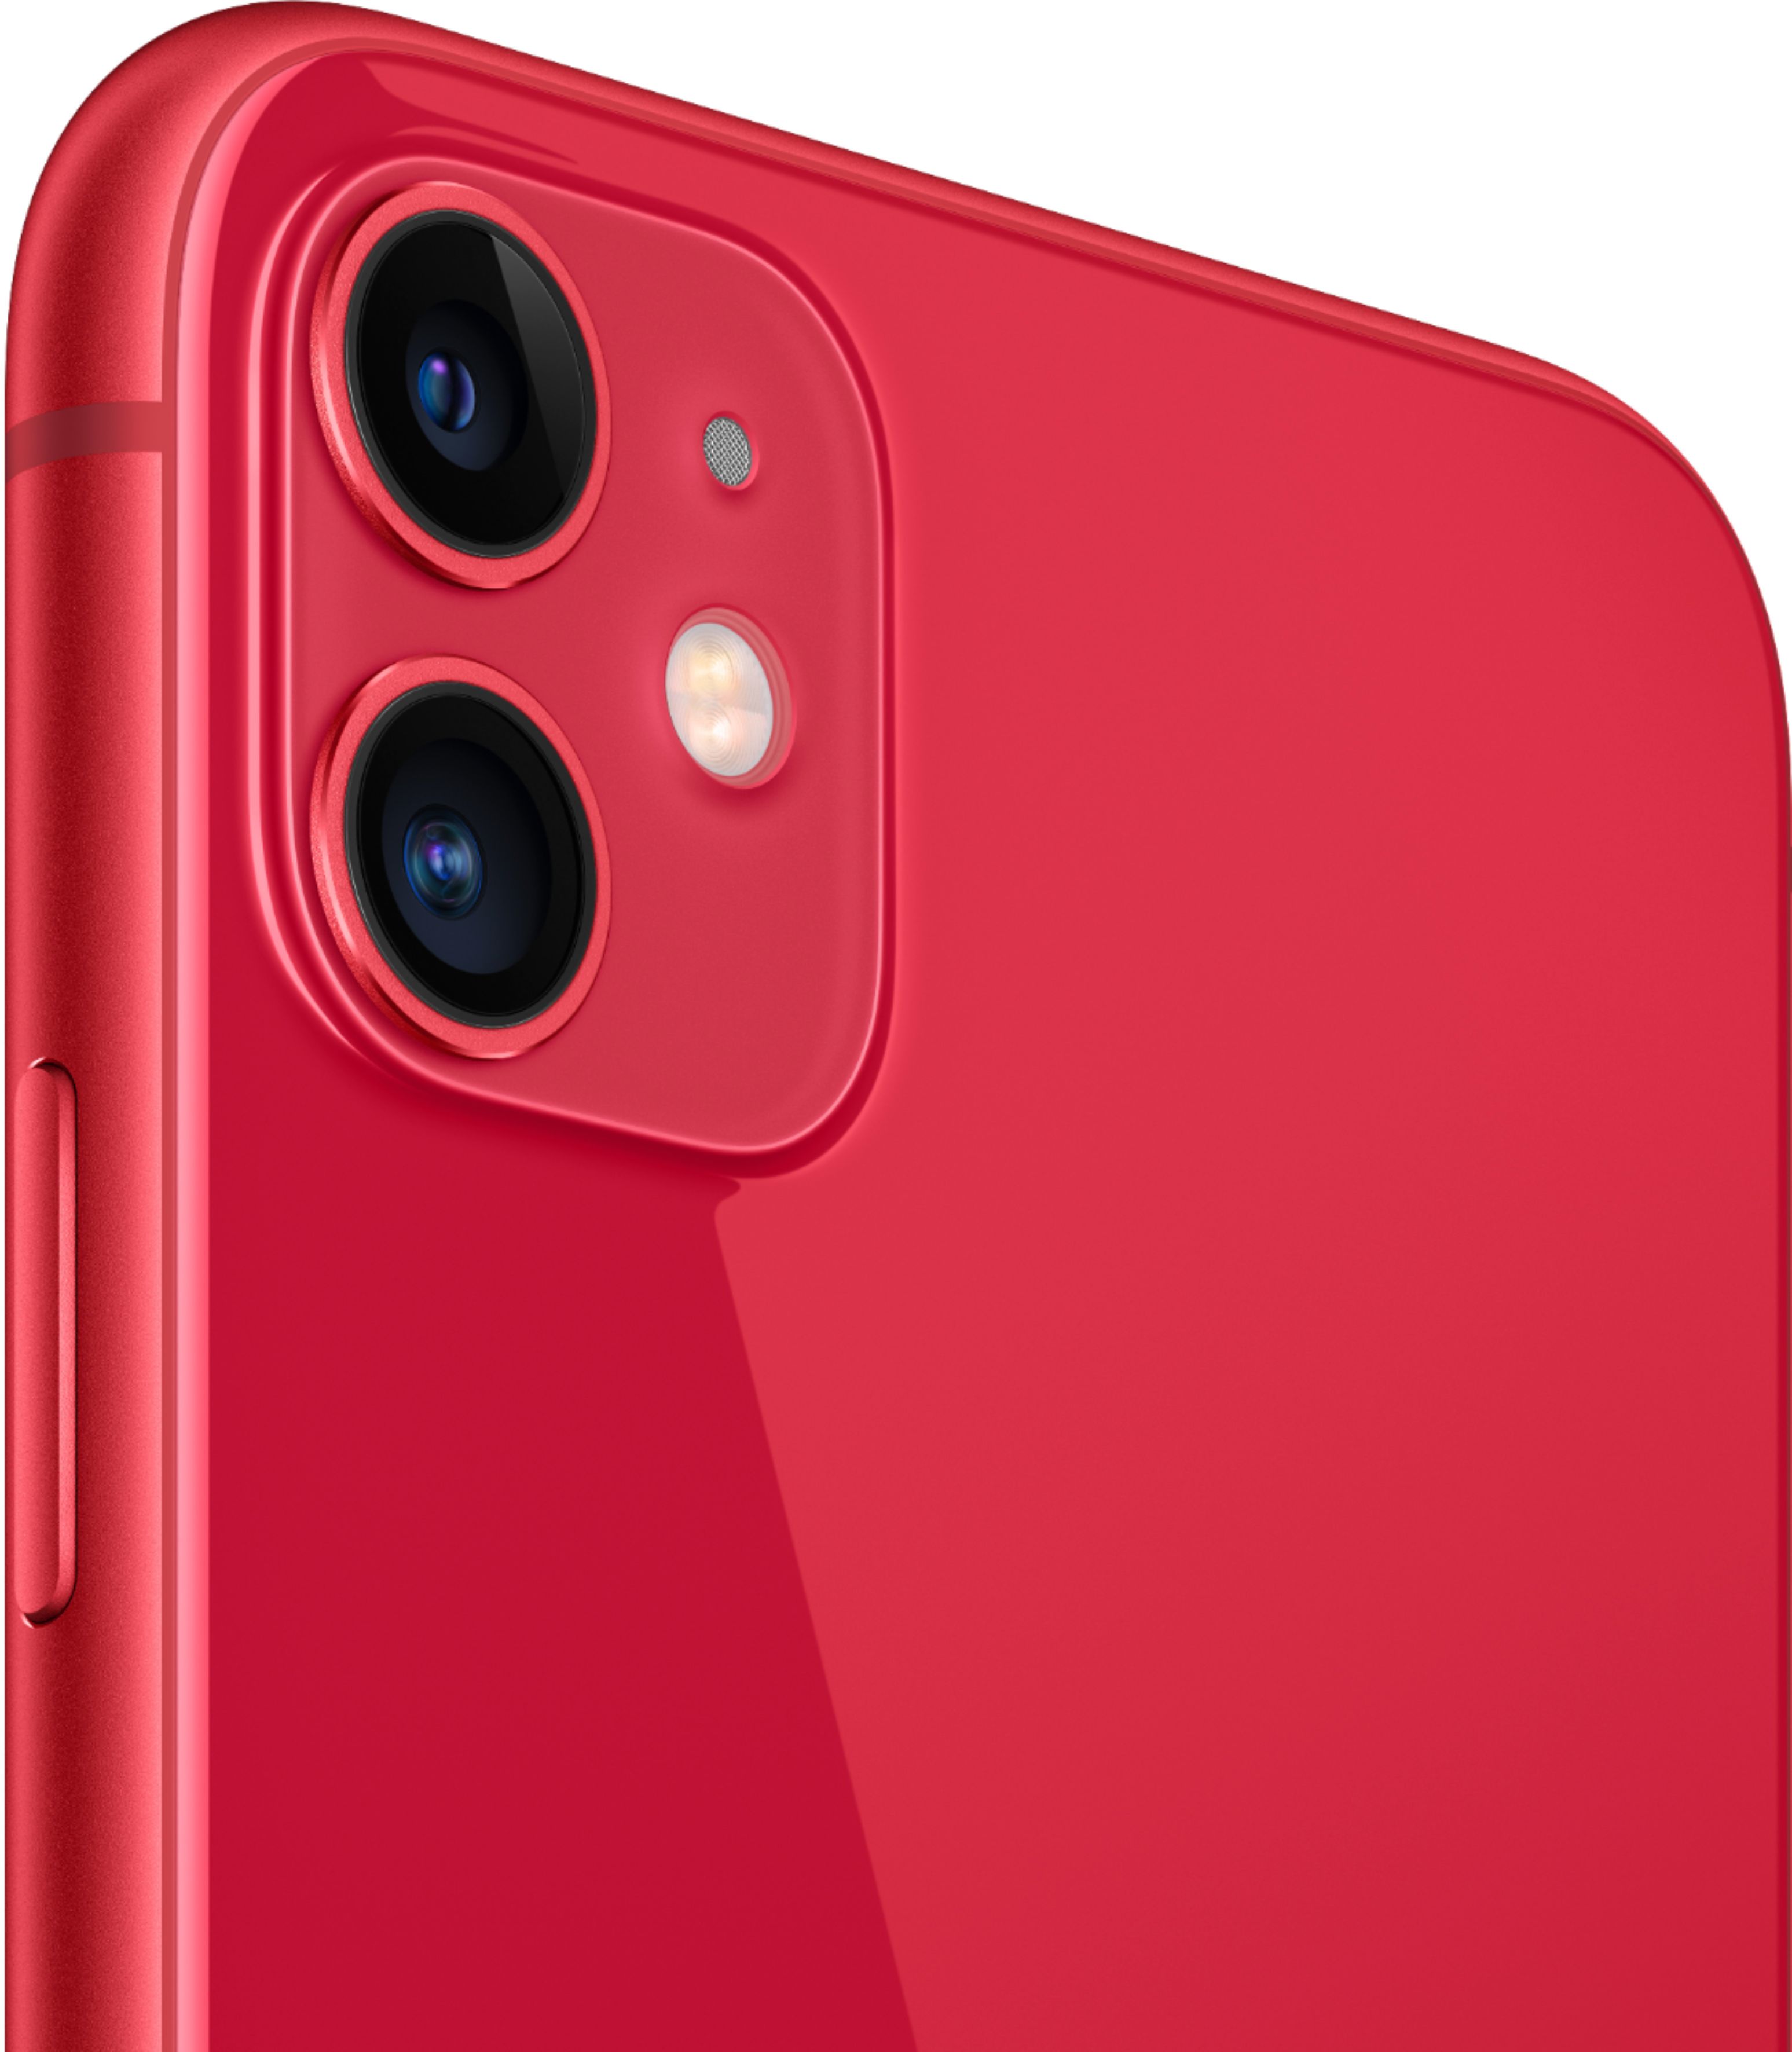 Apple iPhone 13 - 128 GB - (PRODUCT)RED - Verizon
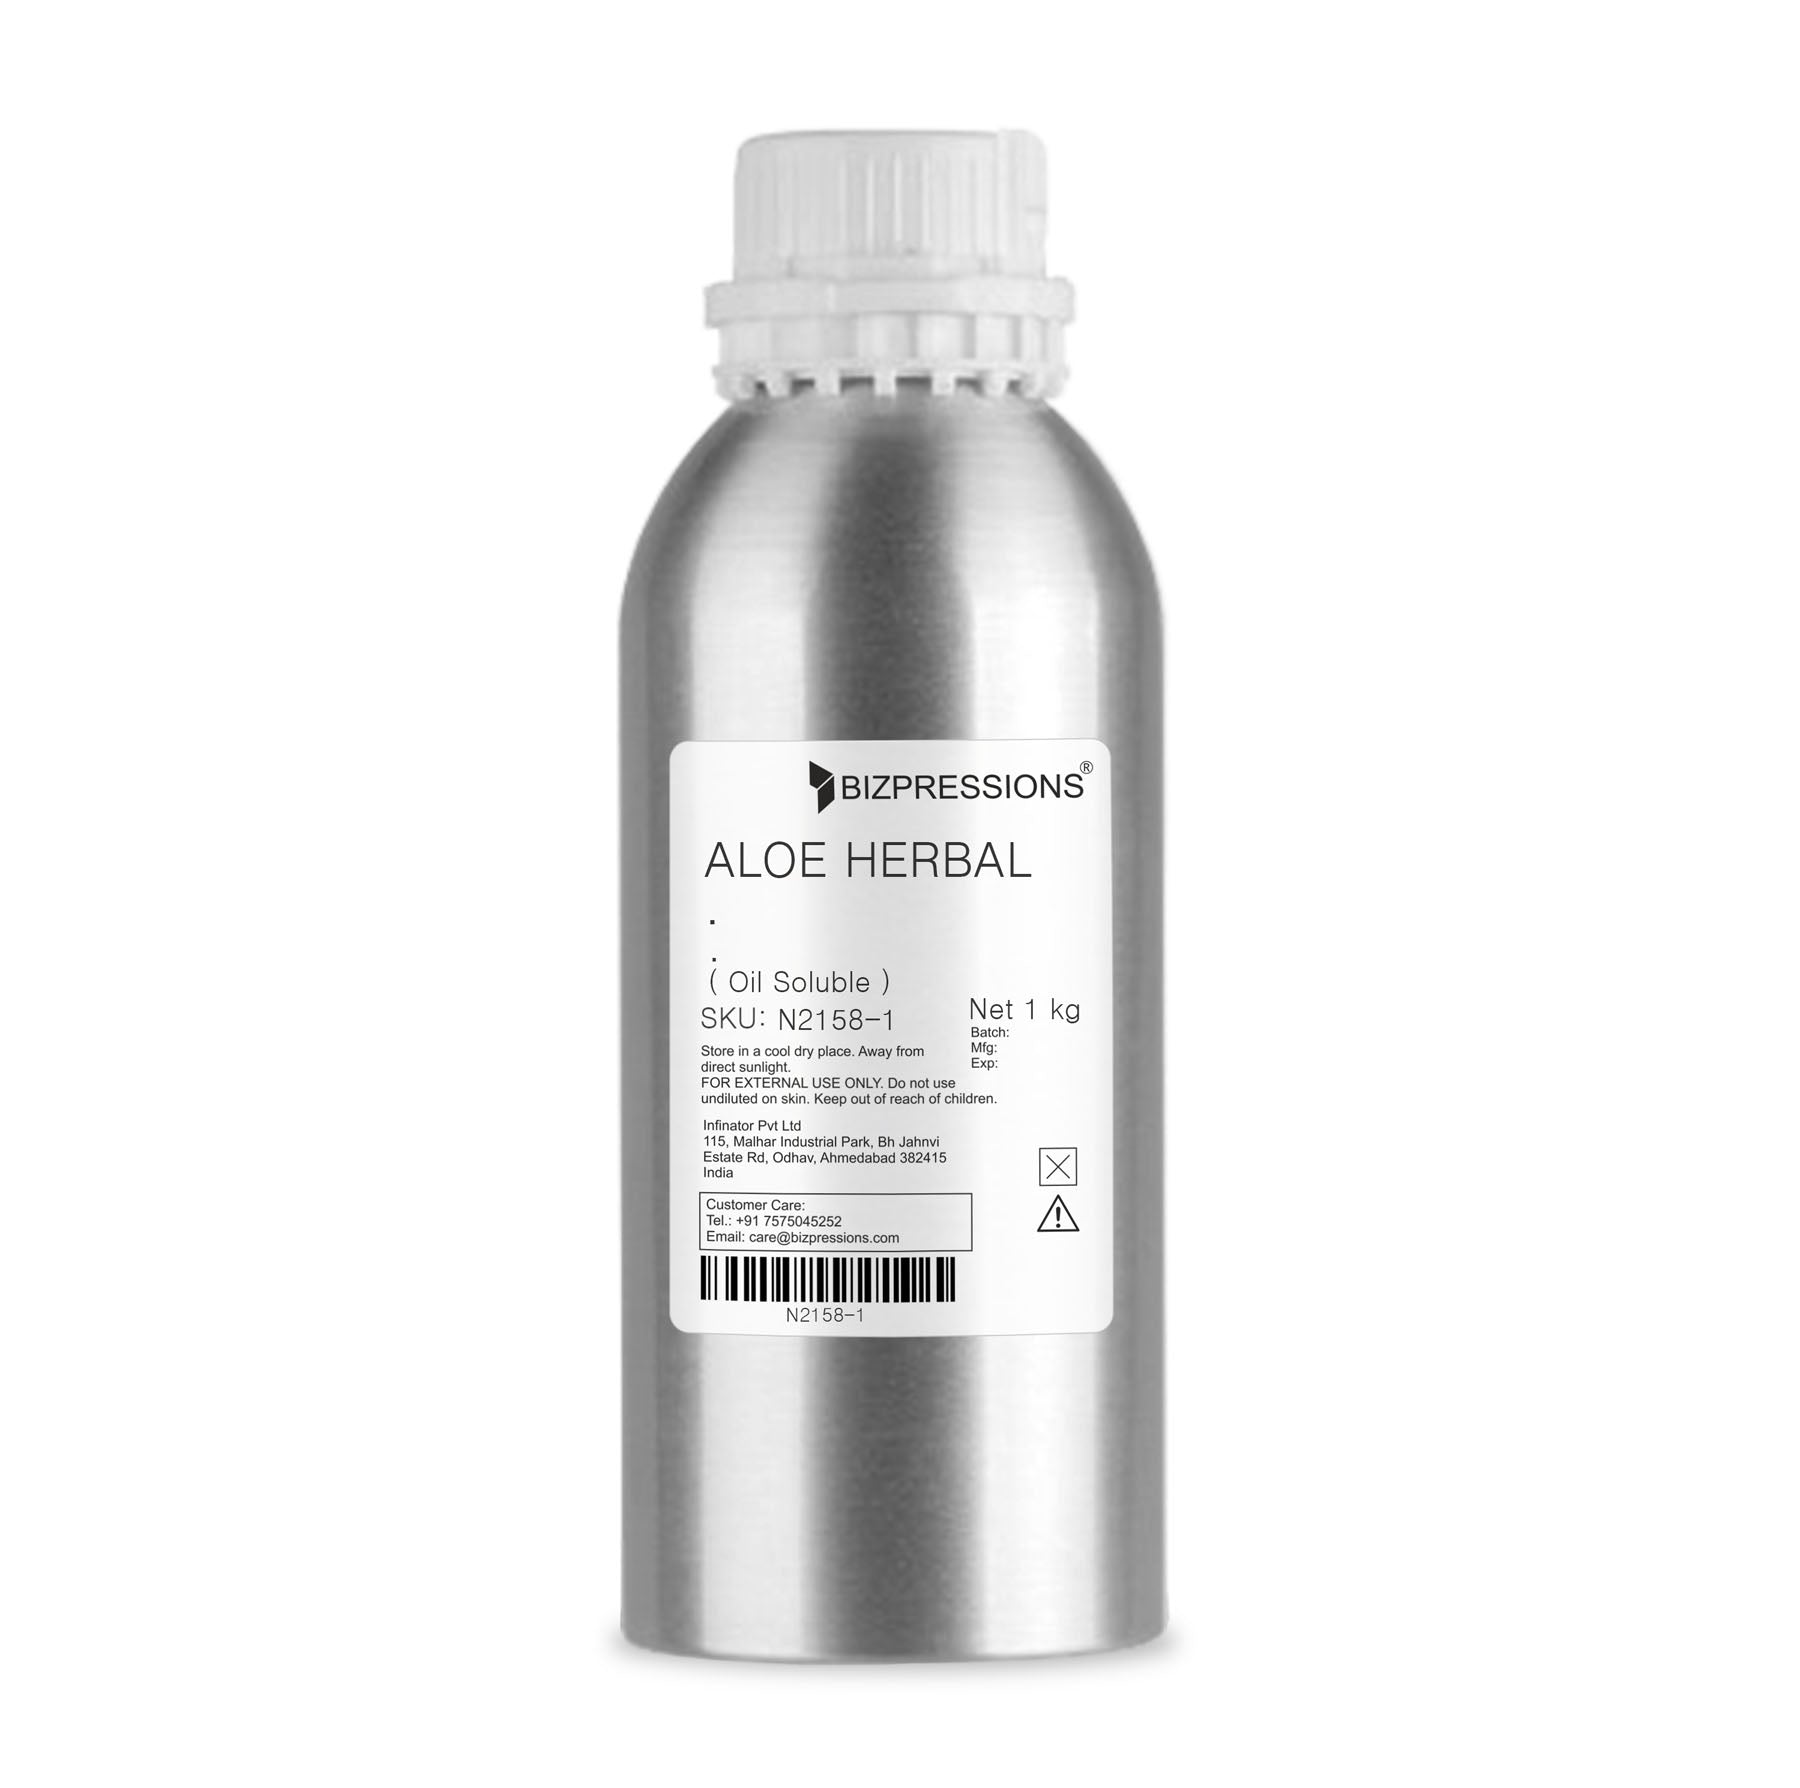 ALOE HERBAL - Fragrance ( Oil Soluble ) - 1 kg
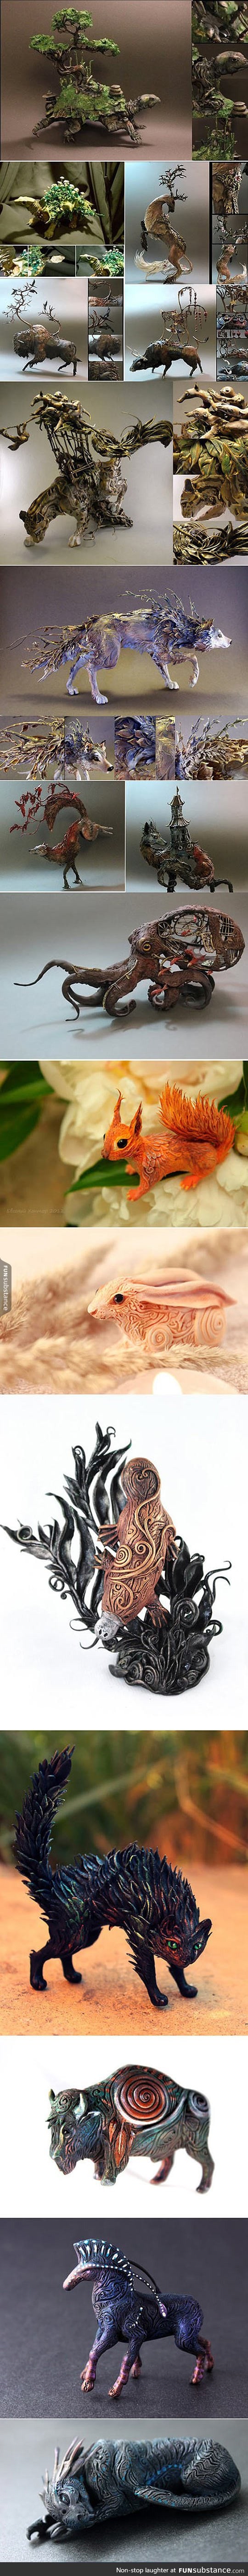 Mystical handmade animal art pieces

--- Work required ---
Could the material above be given again exactly, pictures excluded?

--- Exercise result ---
 Apple iPhone 13 - 128 GB - (PRODUCT)RED - Verizon
 ALOE HERBAL - Fragrance ( Oil Soluble ) - 1 kg
 Mystical handmade animal art pieces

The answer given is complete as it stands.